I was taken back by Avery’s cold bloodedness; it must have showed. “Oh, sorry, I forgot you and he had worked together.” He reached into his computer bag and pulled out a half dozen sheets of lined paper pulled from a composition notebook from the looks of them. “Frank wanted you to take a look at these.” Typical Frank, appoint a lacky to ask a favor.

“These” where six pages of Winston’s crabbed, generally illegible handwriting. During the Bumbridge project they had been so paranoid about security they had actually made us use paper and pens, I had become adept at deciphering Winston’s scrawl during the six months of hell of that project. “Alright, pass them over I’ll give it a go.”

I started to look the pages over, Avery hovered. “Go buy lunch, I want one of those Rubens, no thousand island, make them use mustard.” I shoed him away, I hated having someone looking over my shoulder. I deciphered and typed into a Word doc so I wouldn't have to re-read it for Avery and got quite lost in the papers.

“John,

I realize they will probably hand this to you since you are the only one that seems able to read my scrawlings. Let me saw I am sorry; I really don’t want to drag you into this.”

Well…that was a bit disconcerting.

“You know I have been called eclectic for my diverse interests, always trying to tie various disciplines together. Lately I have been working with the Guys and Girls over in the nano section.”

I hadn’t known that, as compartmented as they liked to keep us, they usually didn’t let the left know what the right was doing.

“They have two types, destructors and constructors. Destructors break things down into component atoms and constructors take the component atoms and build them into whatever the particular nano is encoded to build.”

I wish he would get on with it, my eyes were cramping reading his chicken scratching.
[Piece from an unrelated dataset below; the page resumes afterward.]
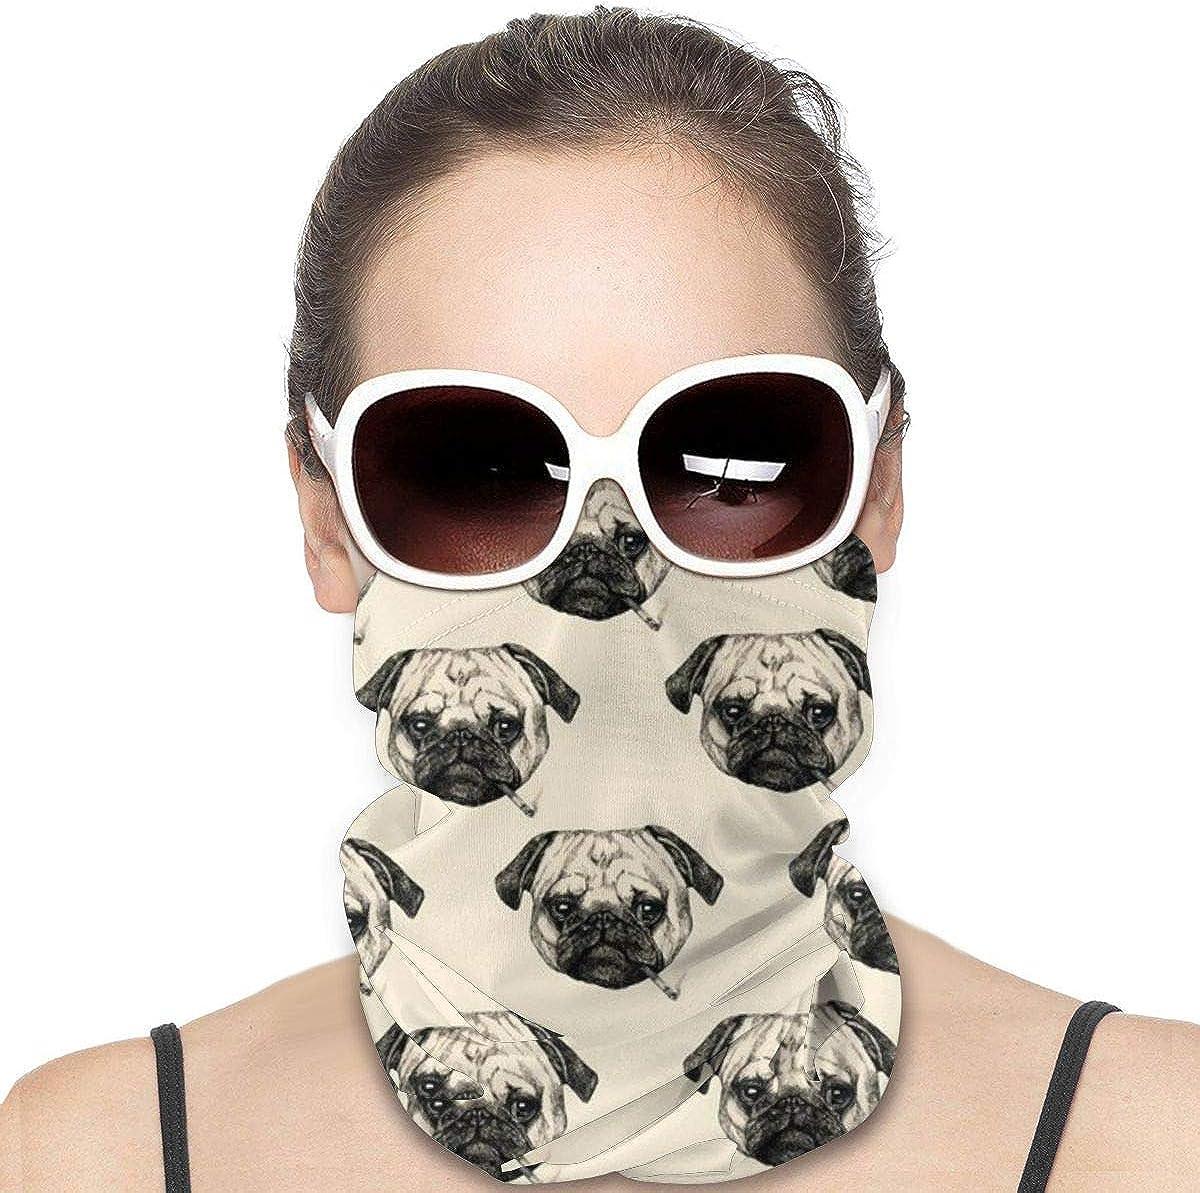 Britain Customs Neck Warmer Bandana Balaclava Scarf Mask Beanie Ski Headwear Elastic Breathable Cycling

“That got me to thinking that that is a clever way to do terraforming and from there I leaped into other paths. You remember I had dealings with SETI, that whole falderal about allowing the Beowolf cluster access to my laptop to help decode radio telescope data, but I digress.”

Falderal, right, he had nearly been fired when they discovered he had turned over many of the laptops and desktops to SETI to use when they were idle, popping open a pipe through the network security (supposedly impossible) to do so, if they hadn’t wanted to know how he did that he would have been on the street.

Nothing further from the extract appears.